The static magnetic field generating section includes the magnet 1 and the static power supply 2. For example, a superconducting electromagnet or a normal conducting electromagnet can be used as the magnet 1. The static power supply 2 supplies an electric current to the magnet 1. Hence, the static magnetic field generating section generates a static magnetic field B₀in a cylindrical space (a space for diagnosis) into which the subject 200 is sent. The magnetic field direction of this static magnetic field B₀is approximately consistent with the axial direction (Z axis direction) of the diagnostic space. The static magnetic field generating section is further provided with the shim coil 14. This shim coil 14 is supplied with electric current from the shim power supply 15 under the control of the host computer 6 to generate a correcting magnetic field to homogenize the static magnetic field.
The bed slides the top board onto which the subject 200 is placed into and out of the diagnostic space.

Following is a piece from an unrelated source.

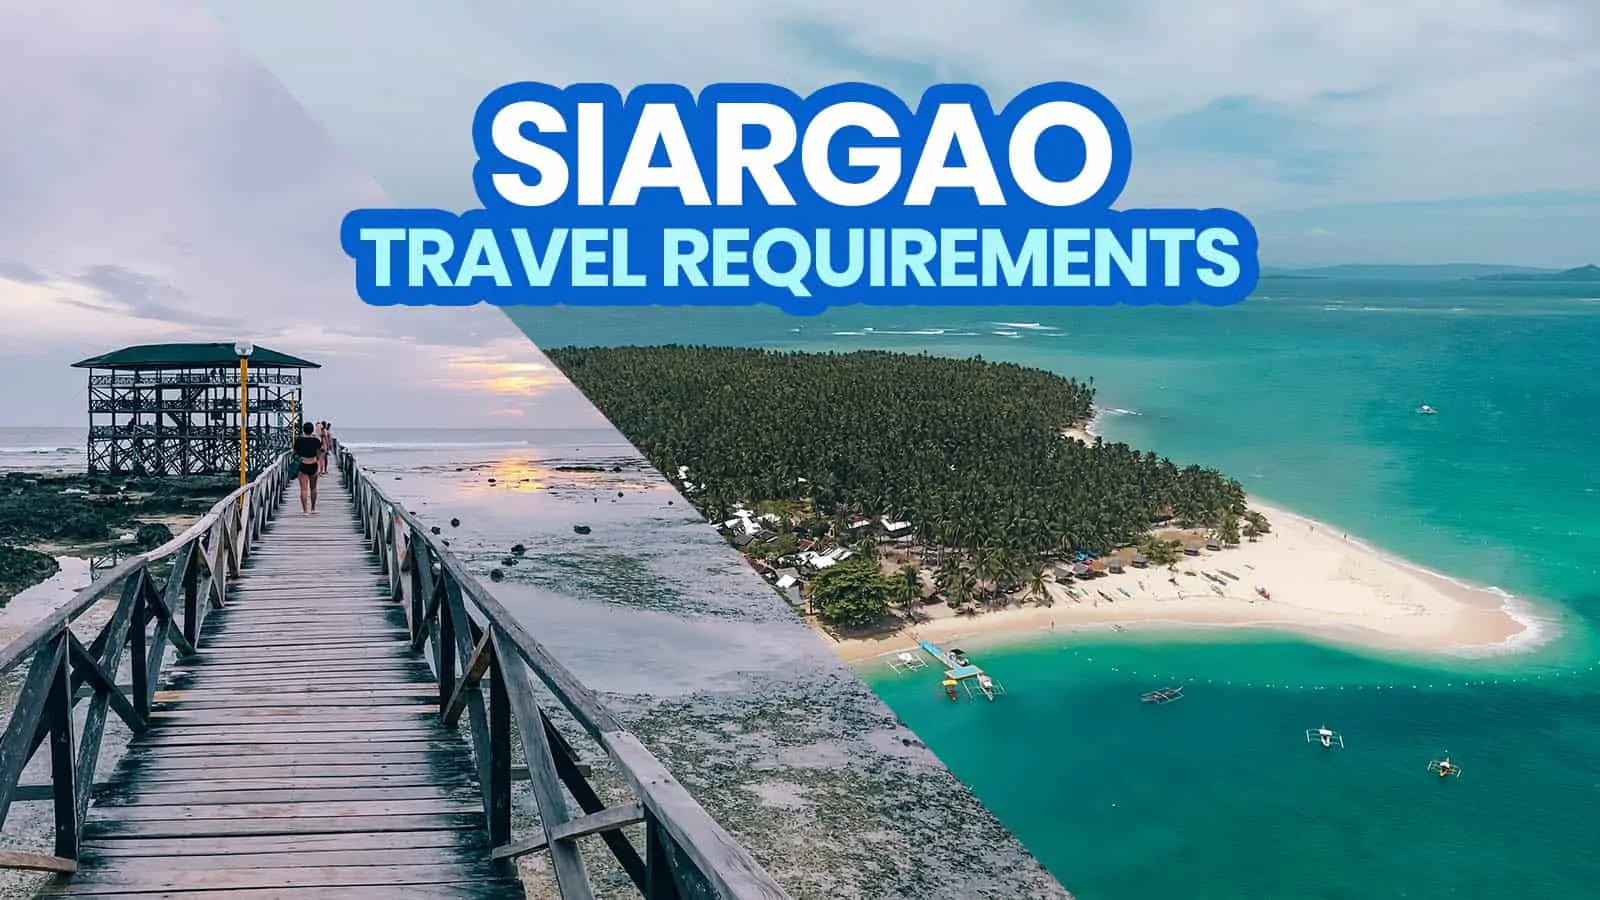 Siargao旅行要求和新的普通政策

The gradient magnetic field generating section includes the gradient coil unit 3 and the gradient power supply 4. The gradient coil unit 3 is arranged on the inner side of the magnet 1. The gradient coil unit 3 comprises three pairs of coils 3 x, 3 y and 3 z to respectively generate gradient magnetic fields in the directions of an x-axis, y-axis and z-axis, which are mutually orthogonal. The gradient power supply 4 supplies a pulse current to the coils 3 x, 3 y and 3 z under the control of the sequencer 5 to generate the gradient magnetic field. By controlling the pulse current supplied from the gradient power supply 4 to the coils 3 x, 3 y and 3 z in this manner, the gradient magnetic field generating section combines the gradient magnetic fields of physical axes in the three axial (X axis, Y axis and Z axis) directions, and arbitrary sets each gradient magnetic field for each logic axial direction comprised of a slice direction gradient magnetic field Gss, a phase encode direction gradient magnetic field Gpe, and a read out direction (frequency encode direction) gradient magnetic field Gre, which are mutually orthogonal. Each of the gradient magnetic fields Gss, Gpe and Gre in the slice direction, the phase encode direction and the read out direction are superposed on the static magnetic field B₀.
The transmit and receive section includes the RF coil unit 7, the transmitter 8T and the receiver 8R. The RF coil unit 7 is arranged near the subject 200 in the diagnostic space. The transmitter 8T and the receiver 8R are connected to the RF coil unit 7. The transmitter 8T and the receiver 8R are operated under the control of the sequencer 5. The transmitter 8T supplies an RF current pulse of Larmor frequency to the RF coil unit 7 to cause nuclear magnetic resonance (NMR). The receiver 8R captures an MR signal (radio frequency signal), such as an echo signal received by the RF coil unit 7, applies various signal processing, such as preamplifying, intermediate frequency conversion, phase detection, low frequency amplification or filtering, thereto, and generates echo data (original data) in a digital amount corresponding to the echo signal by A/D conversion. The RF coil unit 7 is a multi-coil embedded with a plurality of element coils. The receiver 8R is capable of processing the echo signal received by each of the plurality of element coils, in parallel.
The control/computing section includes the sequencer 5, the host computer 6, the arithmetic unit 10, the memory unit 11, the display unit 12 and the input unit 13.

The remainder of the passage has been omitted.